In Fig. 2, we juxtaposed the performance metrics obtained using K-means SMOTE against those obtained without oversampling across various machine learning models. In Fig. 2, the blue bars represent the F1 score achieved with K-means SMOTE (oversampling), while the orange bars represent the F1 score without oversampling. Notably, when comparing the performance in the test dataset using the F1 score metric, the oversampling dataset generated with K-means SMOTE consistently yielded superior results compared to the without oversampling approach. For instance, in the case of the AdaBoost model, K-means SMOTE resulted in an F1 score of 0.412 for the technique without oversampling, whereas it achieved an F1 score of 0.445 for K-means SMOTE. Similarly, in the XGBoost model, the F1 score improved from 0.447 without oversampling to 0.842 with K-means SMOTE. This trend persisted across various other models such as LightGBM, CatBoost, RF, MLP, LSTM, and a dynamic ensemble, where K-means SMOTE consistently demonstrated superior performance in terms of the F1 score compared to the technique without oversampling. These results underscore the effectiveness of K-means SMOTE in enhancing the predictive performance of ML models for soil movement prediction tasks.
Figure 3 illustrates the confusion matrix, depicting the performance of the dynamic ensemble model in both the training and testing datasets, utilizing the K-means SMOTE oversampling technique. The confusion matrix provides a comprehensive overview of the model's classification accuracy by presenting the true and predicted labels across different classes. The dynamic ensemble model demonstrates robust performance in the training dataset, as evidenced by the high counts along the diagonal, indicating a substantial number of correct predictions across all classes.

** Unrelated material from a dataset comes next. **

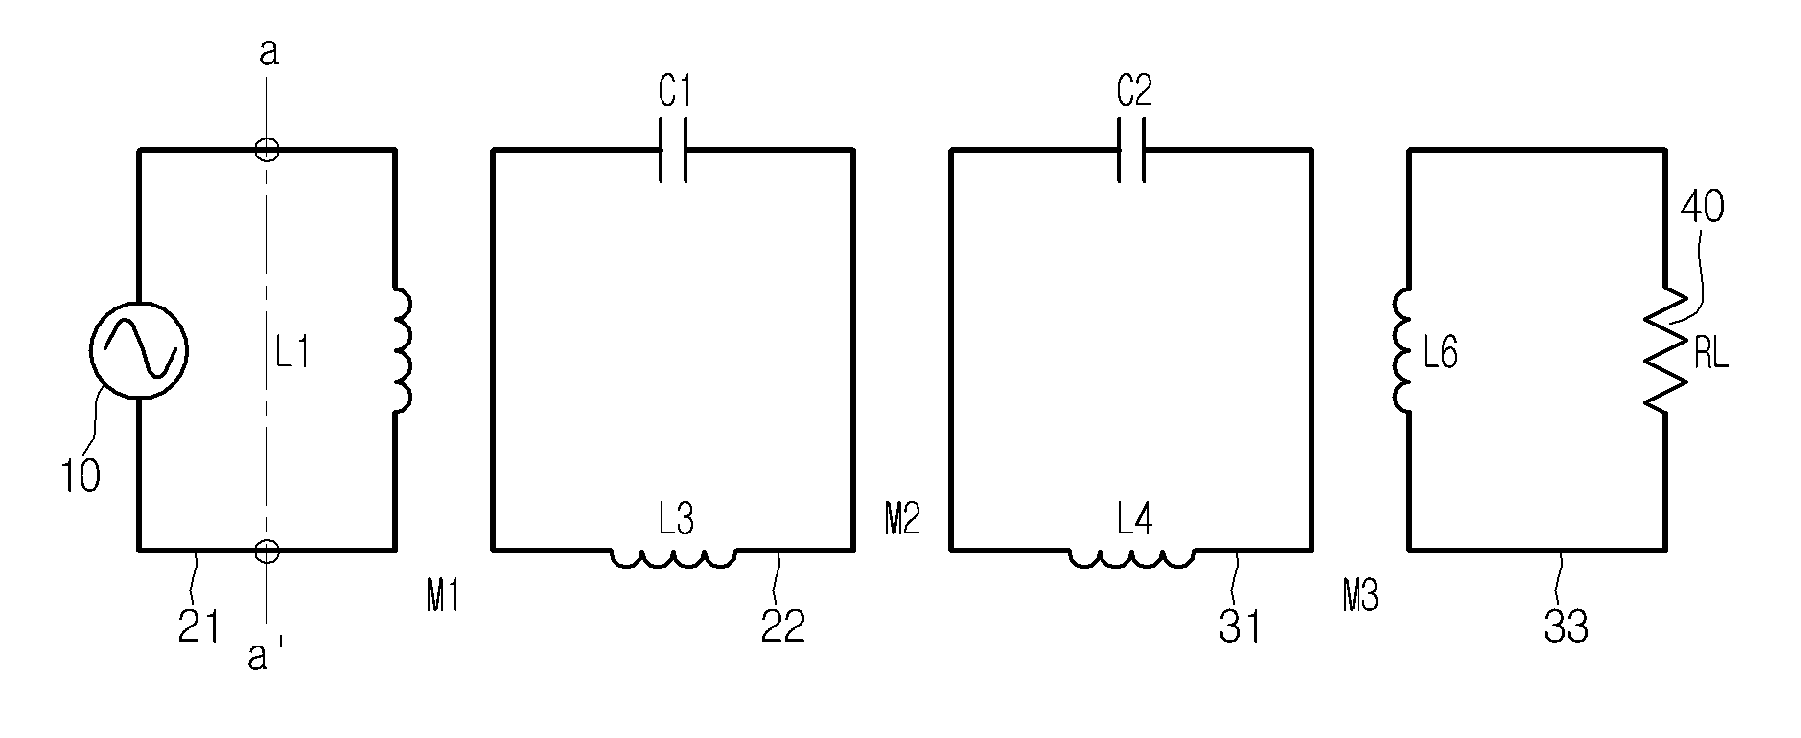 Energy transmission apparatus and method

Similarly, in the testing dataset, the model maintains its efficacy, with the majority of samples correctly classified across various classes.
In summary, the threat posed by landslides requires the development of effective prediction frameworks, although modeling the chaotic nature of natural data remains challenging. The analyzed dataset exhibited a significant class imbalance, with the majority class dominating the samples. This distribution imbalance necessitated careful consideration and appropriate techniques to address the issue.
Various oversampling techniques were employed to tackle the class imbalance, including SMOTE and its extensions (K-means SMOTE, borderline-SMOTE, and ADASYN). ADASYN, which focuses on the minority-class boundary, effectively generated synthetic data points and improved the class distribution balance.
Multiple classification models, such as AdaBoost, XGBoost, LightGBM, CatBoost, RF, MLP, LSTM, and a dynamic ensemble, were evaluated to predict soil movement. The grid search approach and 5-CV were employed to optimize the parameters of each model. Within the 5-CV framework, the parameter analysis was conducted on each fold treated as an independent dataset, allowing for a comprehensive assessment of parameter variability across different dataset splits. This approach facilitated the identification of optimal parameter configurations that yielded consistent performance across diverse dataset distributions. By treating each fold as an independent dataset, the parameter analysis provided insights into the variability in parameter values, thereby enhancing our understanding of how the models generalize to unseen data.
The ML models' training results highlight oversampling's significant impact on model performance. The dynamic ensemble model, particularly when coupled with K-means SMOTE, emerges as the standout performer in the training phase. This model demonstrates superior predictive capabilities by achieving remarkable accuracy, precision, recall, and F1 scores of 0.998, 0.998, 0.998, and 0.998, respectively.
Furthermore, these models were tested to assess their ability to generalize well to unseen data. The testing results showcased the dynamic ensemble model with K-means SMOTE as the top performer, achieving an outstanding accuracy of 0.995, precision of 0.995, recall of 0.995, and F1 score of 0.995. This confirms that the exceptional performance observed in training extends to the testing phase, emphasizing the robustness and reliability of the dynamic ensemble approach with K-means SMOTE. Moreover, the dynamic ensemble model incorporating borderline-SMOTE emerges as the second-best model in the test phase, showcasing high accuracy, precision, and recall rates of 0.995, 0.995, and 0.995, respectively, along with an F1 score of 0.995. This result reinforces the reliability and robustness of the model in tackling landslide prediction tasks.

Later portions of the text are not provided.